As major organizations already use automated journalism, it arouses enormous interest and promises great potential benefits to more organizations, especially considering the mounting financial pressure on media outlets and their continuous quest for more rapid content generation with lower marginal costs. However, this practice has moral implications beyond journalism and media, and raises fundamental questions on algorithmic authorship and attribution. Several prevention and detection tools are being developed and deployed to fight against maliciously manipulated, or deceptively AI-generated media, but aside from the fact that most of them still need human assistance and intelligence to be effective in determining attribution and authenticity, such detection algorithms represent an incomplete technical approach to the problem.

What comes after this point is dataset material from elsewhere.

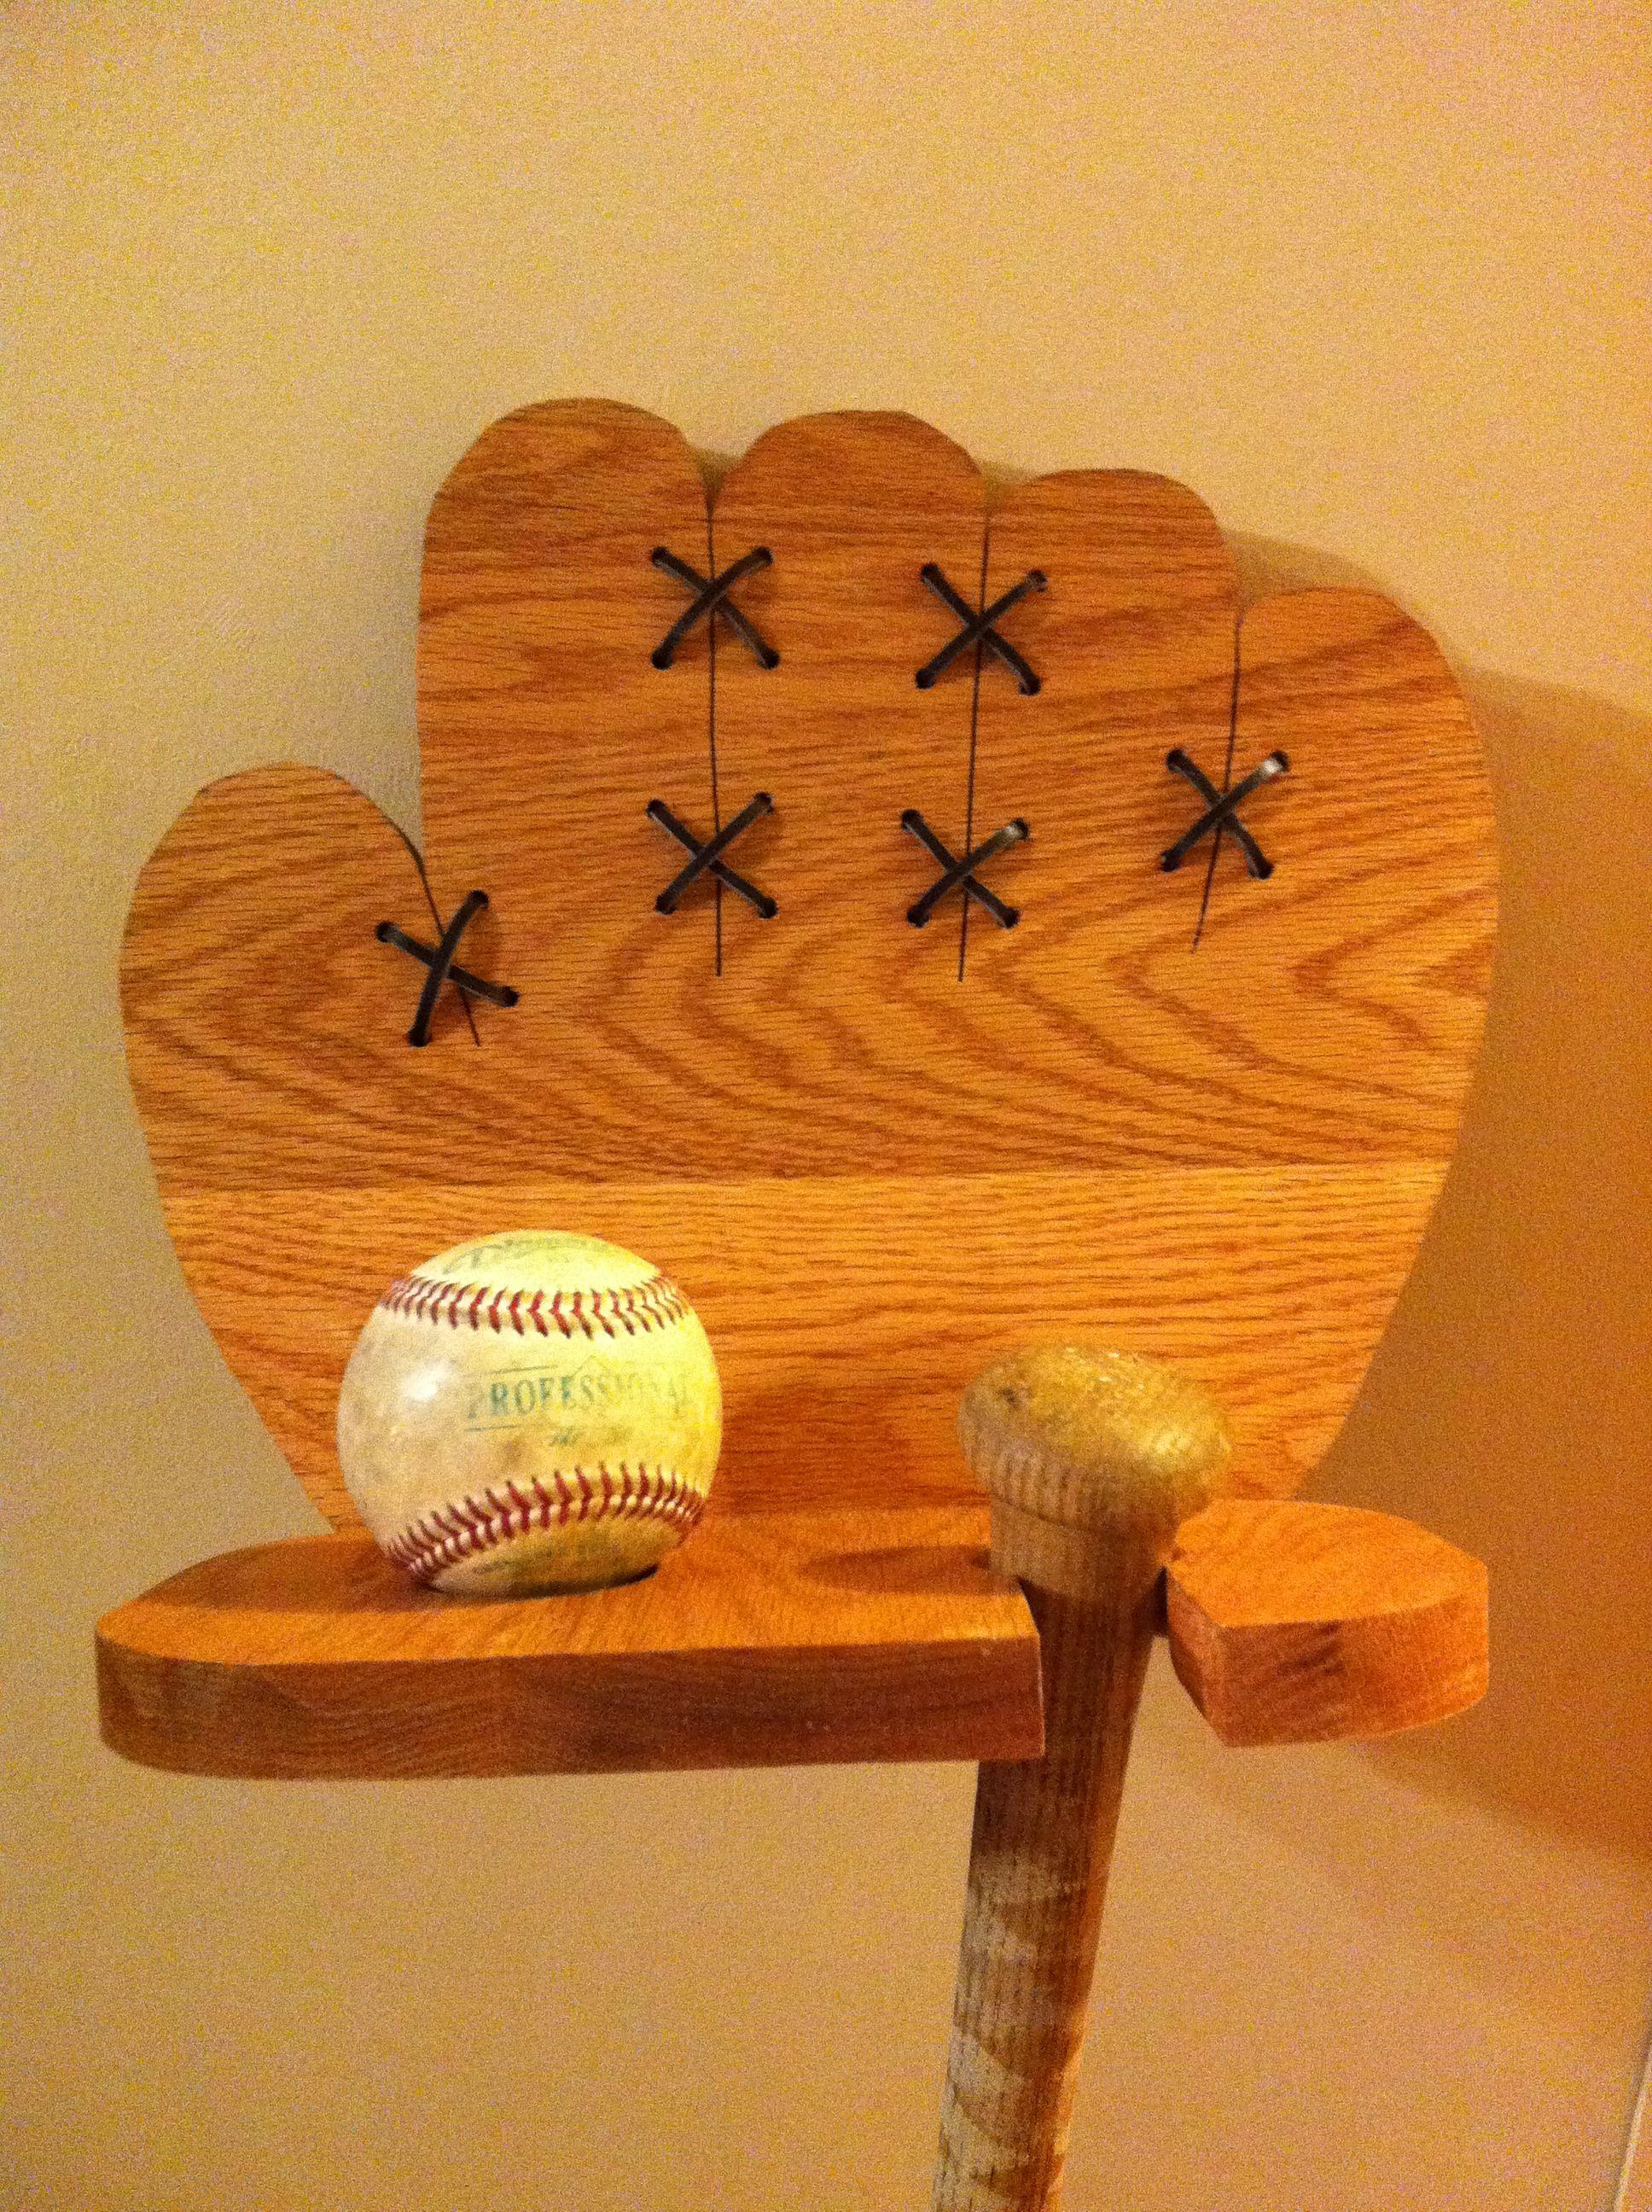 Ball And Bat Holder Sports Stuff In 2018 Pinterest Wood Wood

As discussed, algorithmic authorship is a complex issue, involving crucial philosophical, ethical, and theoretical concerns, but the technical approaches to addressing these questions are broader than mere detection of automated content. Though many issues related to machine morality have no common established opinions, approaches, or answers, there are efforts to model moral decision-making logic and learning into algorithms. Meanwhile, the shift in the machine moral debate should be expanded from solely focusing on which moral philosophies one should use in constructing artificial moral agents to the question of to what extent machine moral agents could be efficiently utilized. These questions can be better addressed if we broaden our technical solutions to consider not just detection, but also the broader infrastructure within which data is stored and disseminated. With infrastructure that includes secure provenance tracking, a model like our proposed MetaScribe, can address the machine moral dilemma of attribution and authorship of auto-generated content, by allowing transparency and confidence in the provenance of the presented media (e.g., clearly ascribing the text to an author when it originates from a human author and if it’s a machine). In future work, we plan to extend the discussion on moral epistemology and the requirements of full moral agency for content generation algorithms (especially within a more robust data storage and sharing infrastructure than is currently available with existing systems).